– Отлично! – еще более радостно проговорил Томмазо Кампанелла. – Еще раз повторюсь: именно это я и называю сгущением атмосферы. И очень хорошо, что вы подговорили этого мальчика играть роль вашего двойника, который сорвет премьеру в театре. Неважно, настоящий ли это двойник или вы просто подговорили кого-то играть роль вашего двойника. Неважно, состоялась фантастика в действительности или нет. Главное – она состоялась в вашей голове. Атмосфера уже сгустилась и в вашей голове – вы начали обо всем этом думать, и на практике – появился мальчик, который принялся играть эту роль. Вы спрашиваете, куда я бросился бежать? А черт его знает! Я просто понял, что необходимо как-то отразить в действии то мое ощущение, что фактор времени (частота происходящих событий) важен. И если некуда бежать по делу, то надо бежать хоть куда-нибудь просто так. Понимаете, как шаман прыгает вокруг костра с бубном доводя себя до состояния экстаза, так и мы должны! Нам уже удалось некоторым образом сгустить атмосферу. Атмосфера и так уже настолько густая, что вон Таборский уже позабыл про все свои проблемы. Так подействовала на него сгущенная атмосфера. Он даже воспрял к жизни от этого. Так ведь, Таборский? – спросил Томмазо Кампанелла.
– Ну да. В некотором роде, – ответил тот. – Значит, вы просто выбежали за дверь? Постояли там, а потом вбежали обратно?
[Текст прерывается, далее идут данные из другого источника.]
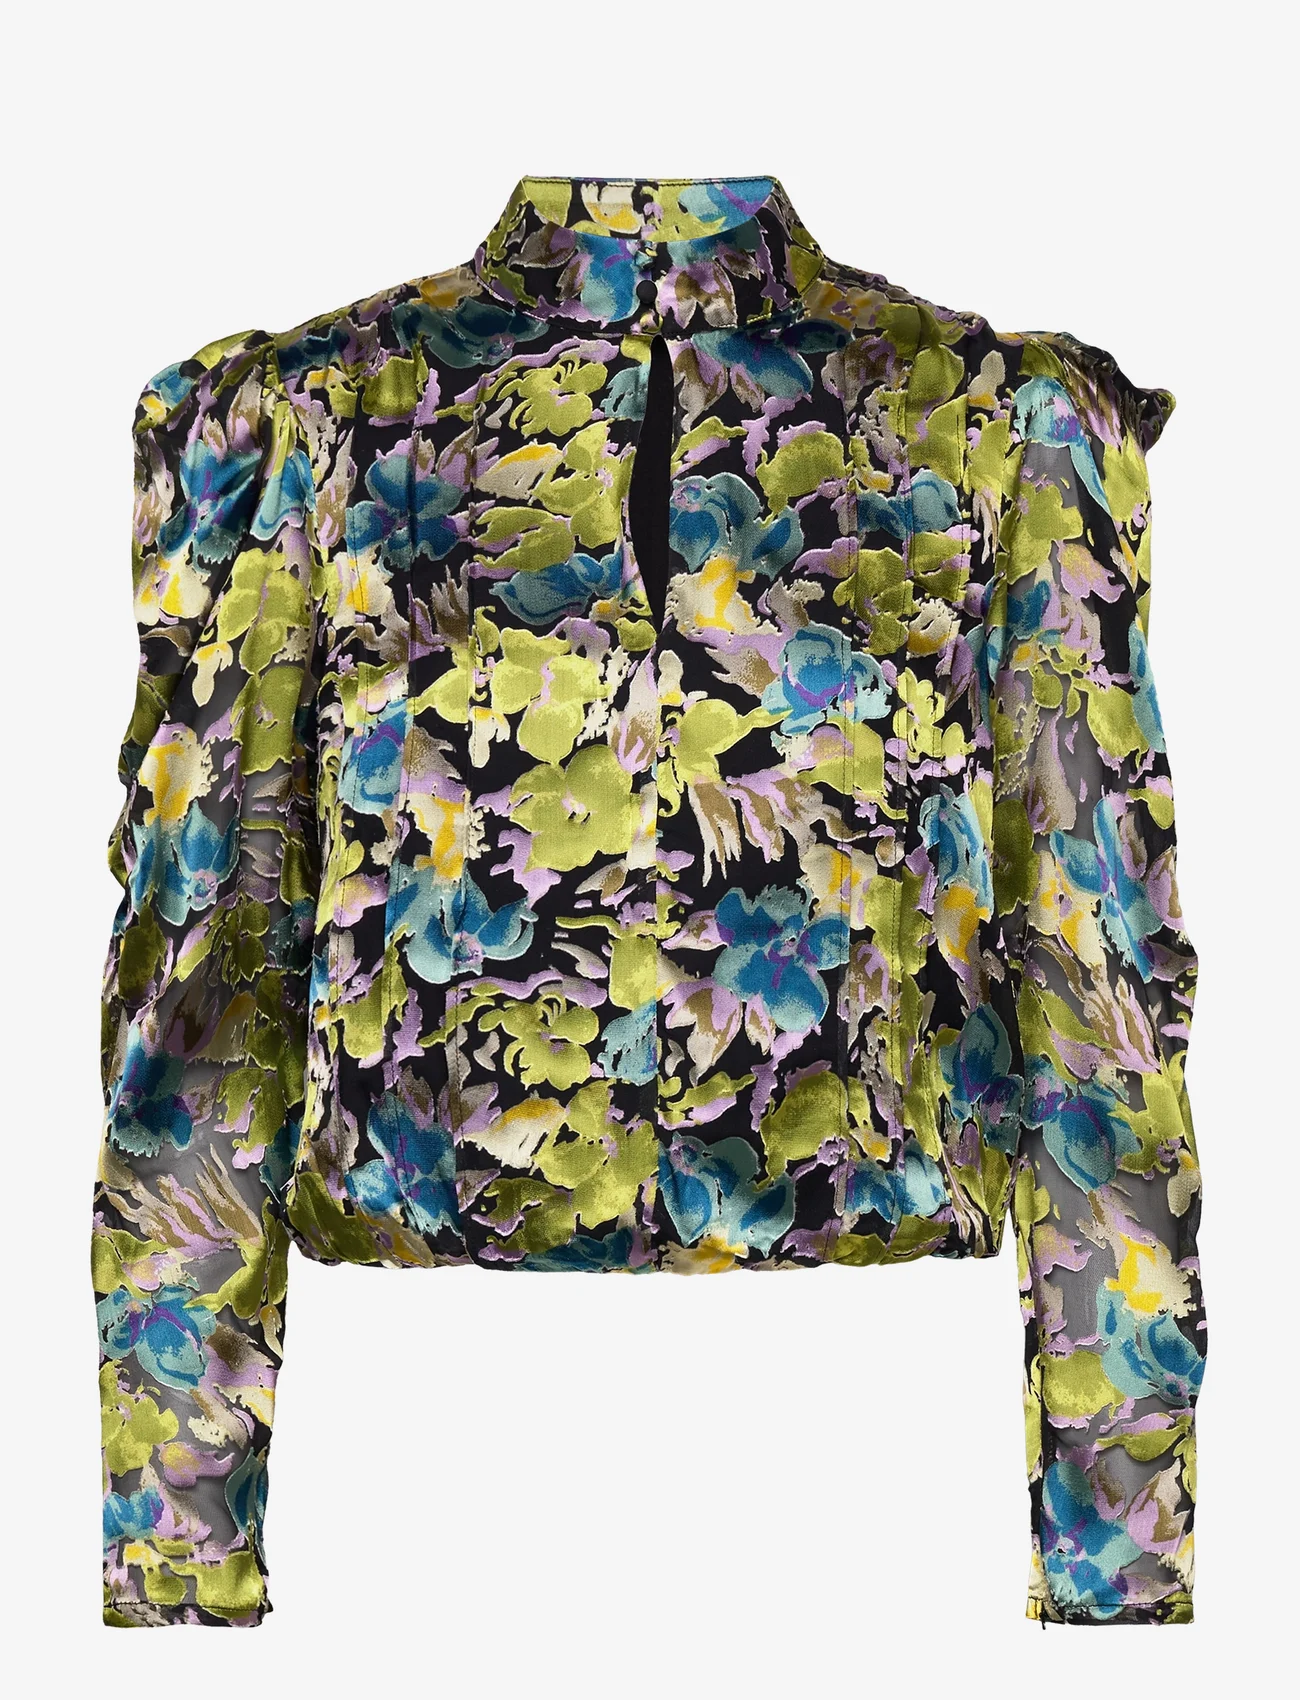 Gestuz - FloriaGZ blouse - bluzki z długimi rękawami - blue green multi floral - 0
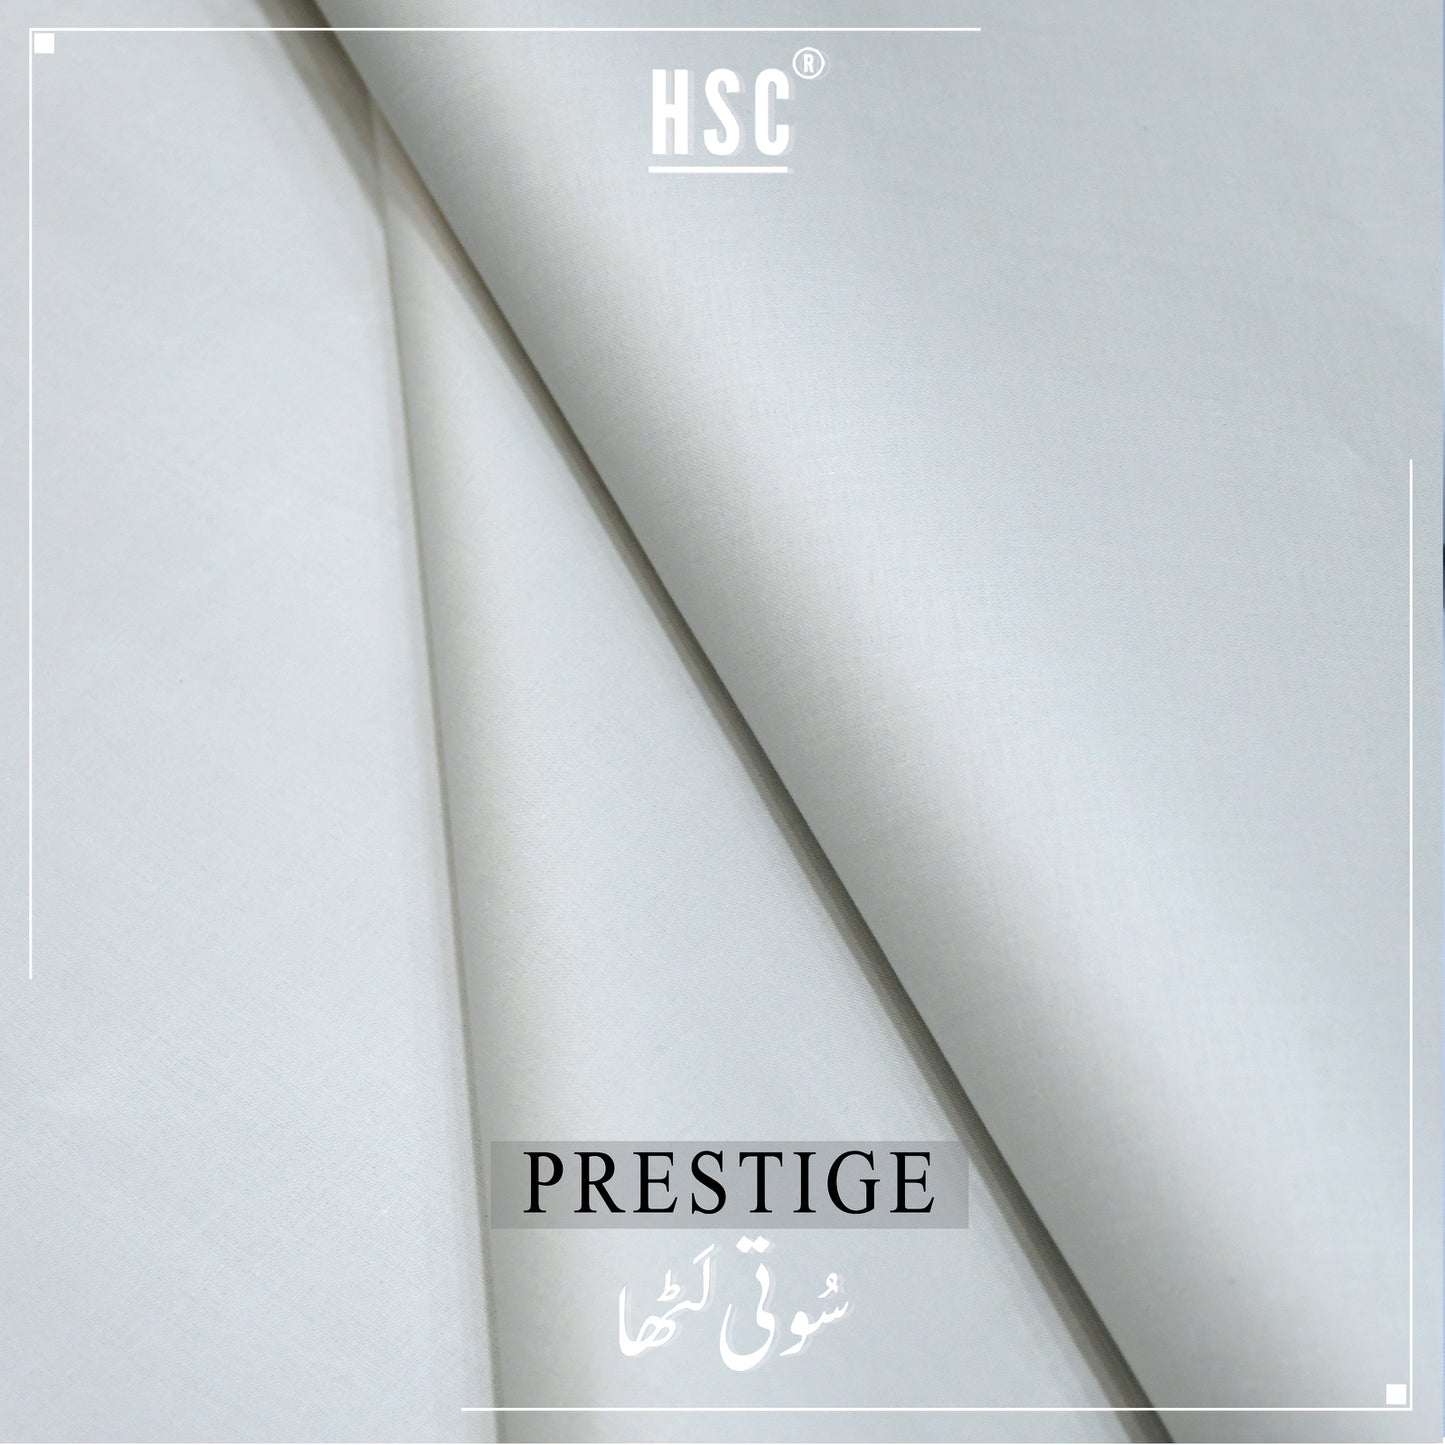 Buy1 Get 1 Free Prestige Pure Cotton Latha - SEL4 HSC

– Это уже неважно, – ответил Томмазо Кампанелла. – Хотя это и так. Понимаете, событий не хватает, событий не хватает катастрофически.
– На вас – фрак, – проговорил Таборский. – Вы что, идете на какой-нибудь прием? Или, может быть, в театр?..
– Фрак этот не его! Томмазо Кампанелла получил этот фрак от меня на время и обязан снять его и передать мне сразу после репетиции, – тотчас начал настаивать Господин Радио, который очень сильно волновался, вернет ли Томмазо Кампанелла фрак обратно в костюмерную самодеятельного театра или приберет его к своим рукам. И правда, что фрак пришелся Томмазо Кампанелла очень впору. Томмазо Кампанелла прекрасно выглядел в этом фраке – очень нарядный, симпатичный. Это даже было отмечено Таборским.
– Вам очень идет этот фрак. Только он какой-то не новый, – сказал Таборский. – Но все равно! Фрак прекрасный.
– Человек, на котором надет фрак, всегда производит впечатление, как будто он часть какого-то успеха. Фрак и то, что в задрапированном фраком желудке саднит от плохого питания, от того что вот устал и надо бы поесть – это две стихии, которые борются друг с другом. Голод и усталость хотят повалить человека, который во фраке, и фрак вместе с ним навзничь, а фрак делает голод и усталость безвестными, он прячет их, он не дает тому впечатлению, какое хотят они произвести, вырваться наружу, он стойко держится своей маски, маски человека во фраке, который родственник блеска, блеску противны усталость и голод, – проговорил Томмазо Кампанелла. – Впрочем, в театр я бы в нем не пошел. Я выгляжу во фраке слишком напыщенно. К театру у меня отношение более будничное. Во фраке я бы туда не пошел. Фраку можно найти какое-нибудь другое применение…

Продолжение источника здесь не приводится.